Additionally, we should expect limited-time business-specific cryptos to fund startups during their initial growth phases.

We will also see a number of cryptocurrencies that will both complement and replace national currencies. These will be designed to support specific geographical constituencies. 

Token-based cryptocurrencies will continue to be developed to match metaverse and other DeFi experiences, the number of which will naturally consolidate over time reflecting normal market forces. 

There will always be room for meme-type, hyper-speculative cryptocurrencies offered in an appropriately regulated environment.

To the extent that stablecoins are tied to a national hard currency, they’ll be offered primarily as investment options. Those that are based on a global commodity, for example, gold or possibly a globally accepted national currency like the Euro or U.S. Dollar, might serve as a (not “the”) global currency.

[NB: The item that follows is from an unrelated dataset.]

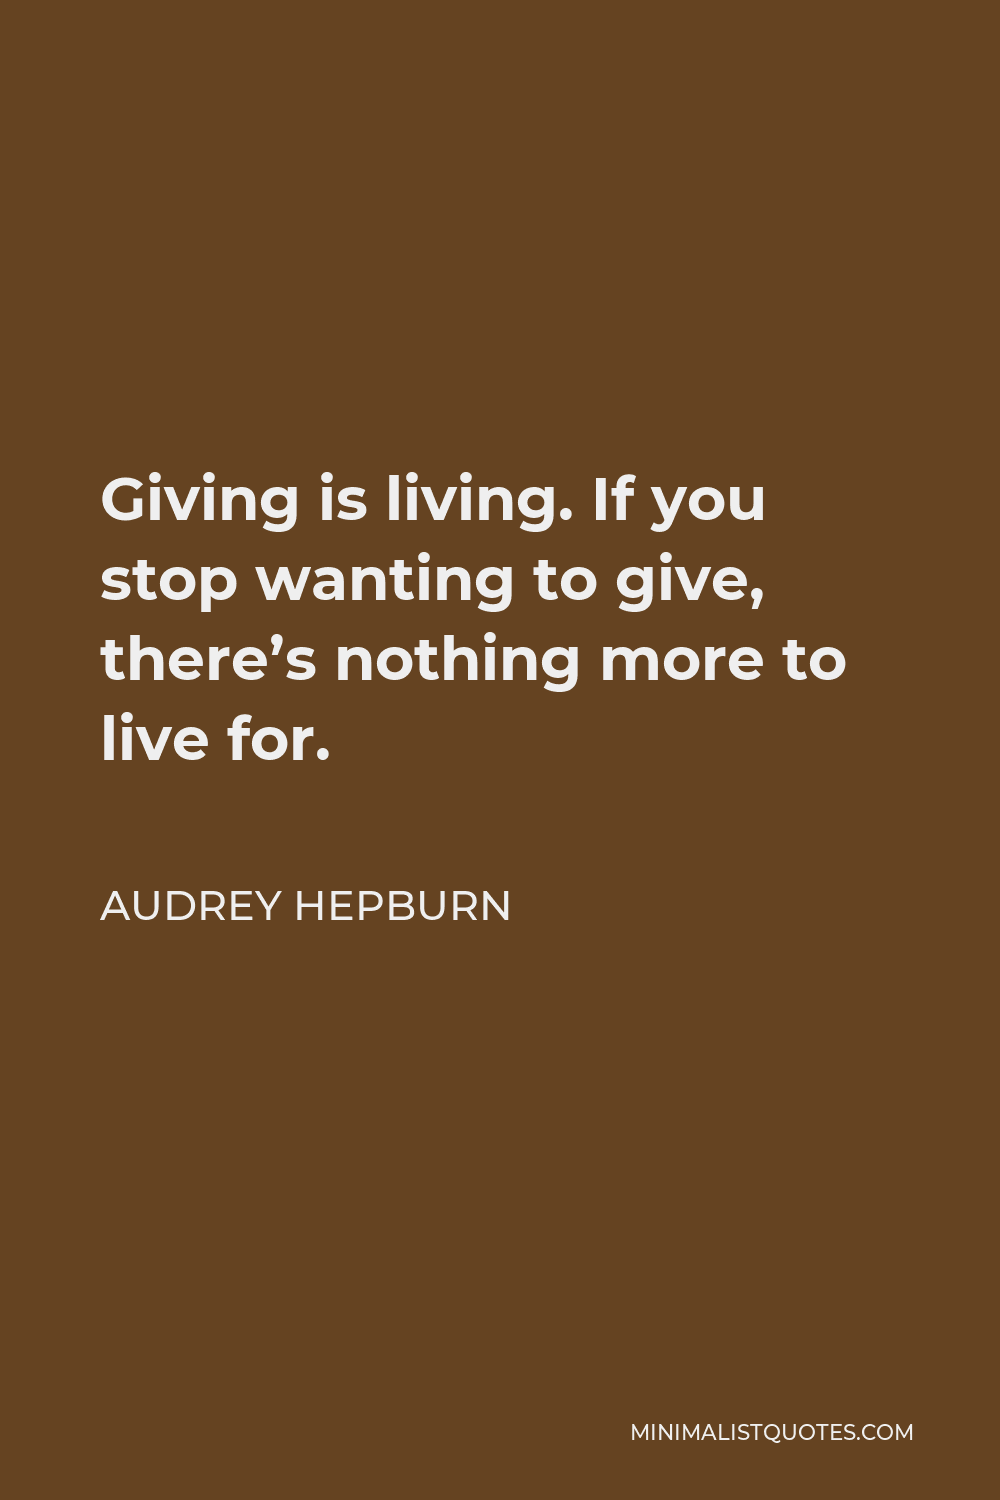 Audrey Hepburn Quote - Giving is living. If you stop wanting to give, there’s nothing more to live for.
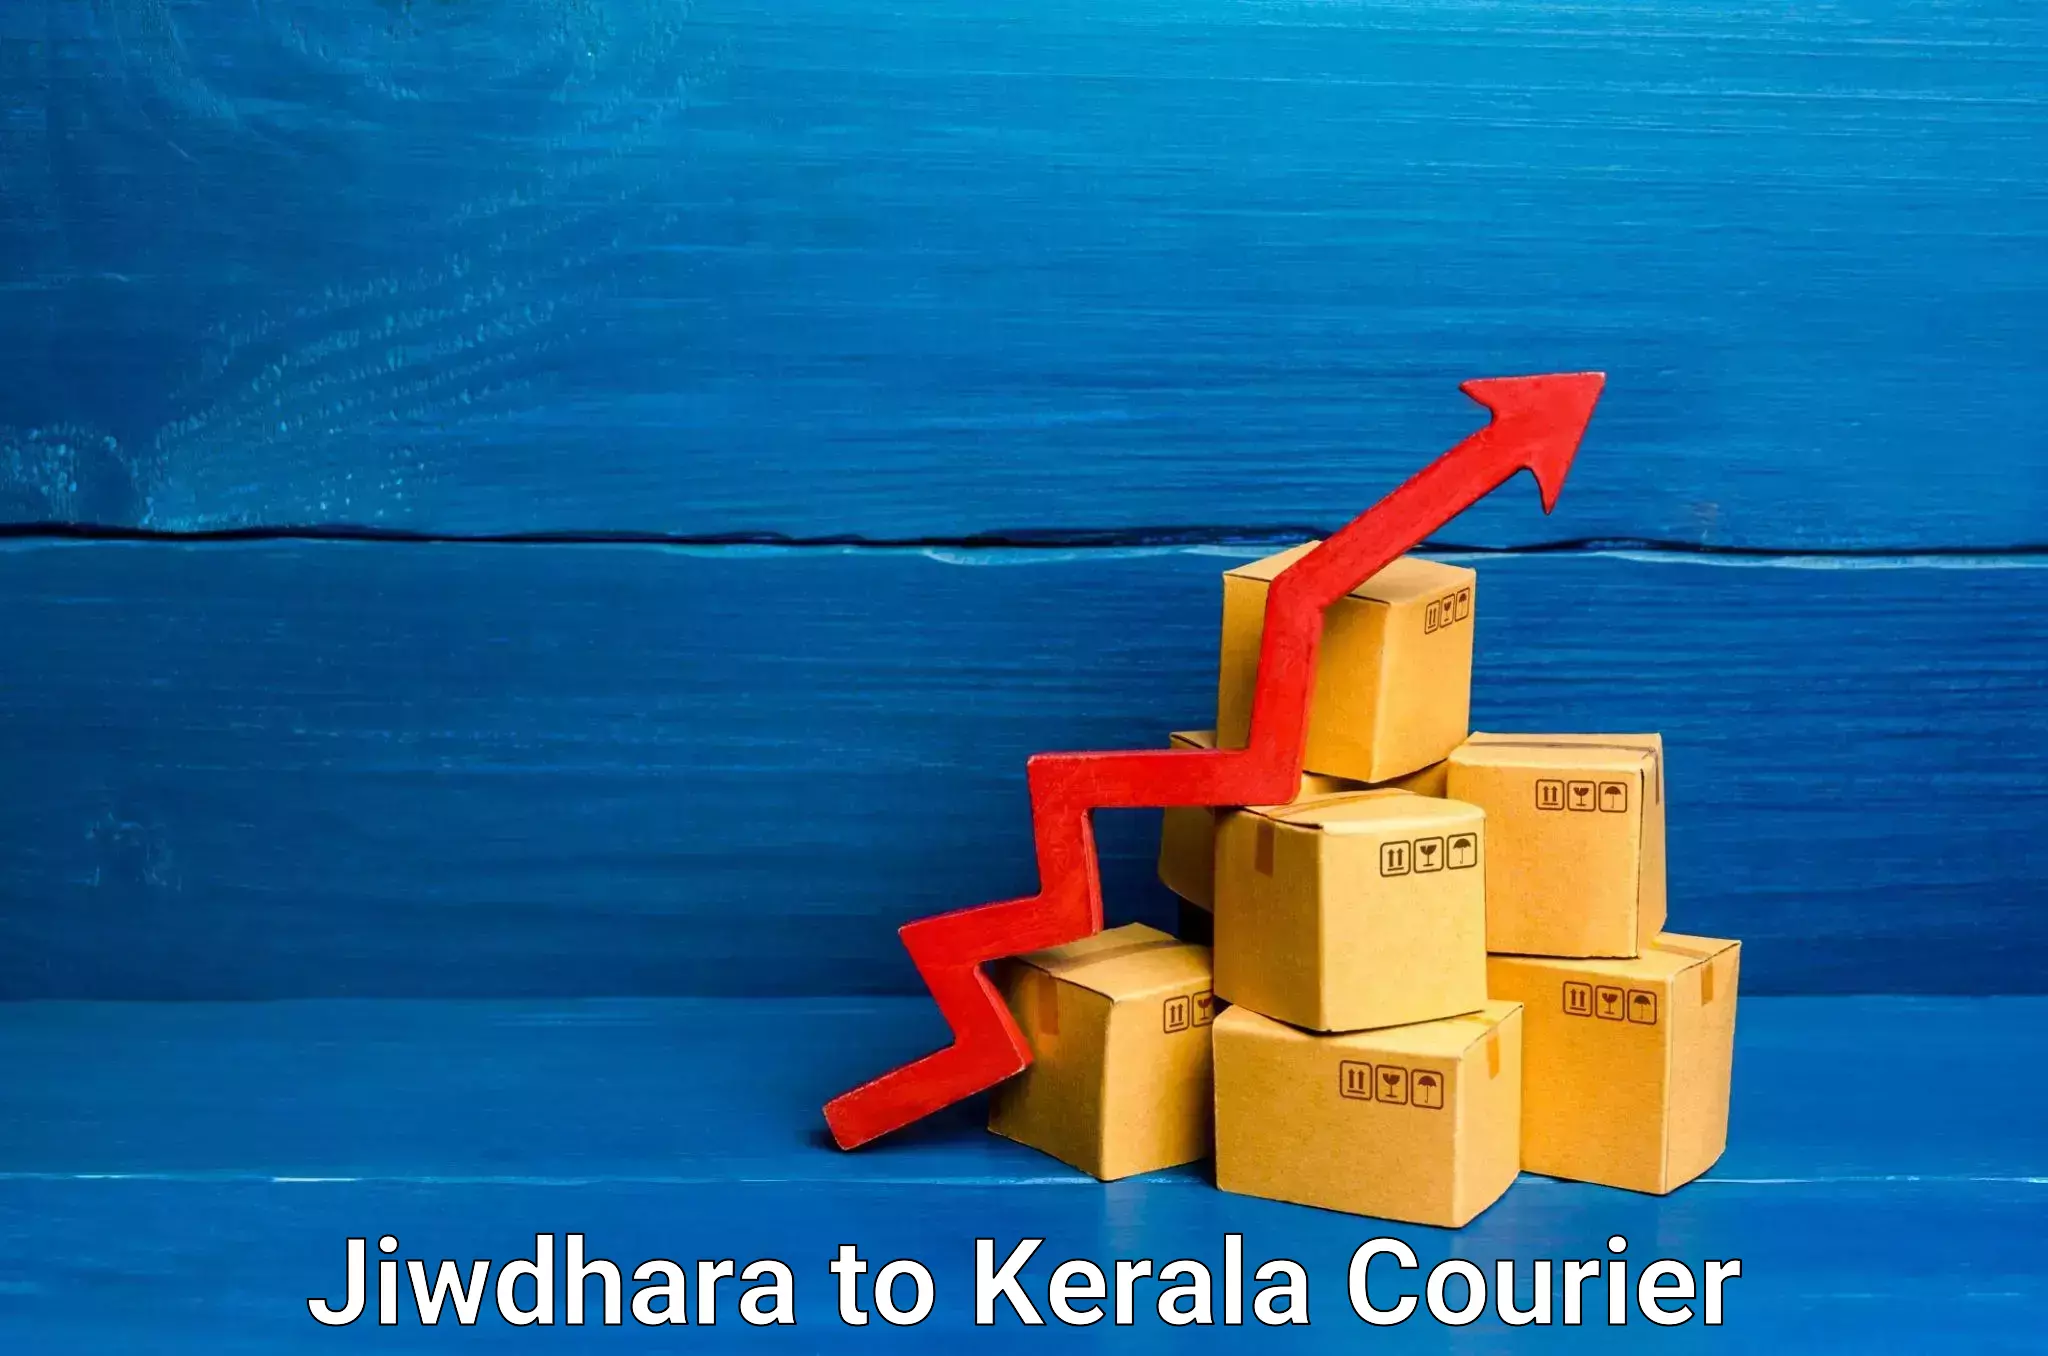 Efficient relocation services Jiwdhara to Puthukkad

And in the last category, the truly global cryptocurrencies are used for investment and for international commerce. In all likelihood, we’ll see just 3-4 win out in the end. 

Keep in mind, that today’s use of widely accepted credit cards emerged in the 1950s, and today consumers and market forces have caused us to settle on just a handful of companies – Visa, Mastercard, Discover, AmEx, etc. The same will happen with global transactional cryptocurrency options. The strongest global cryptocurrencies will squeeze out the rest as merchants choose which ones to accept.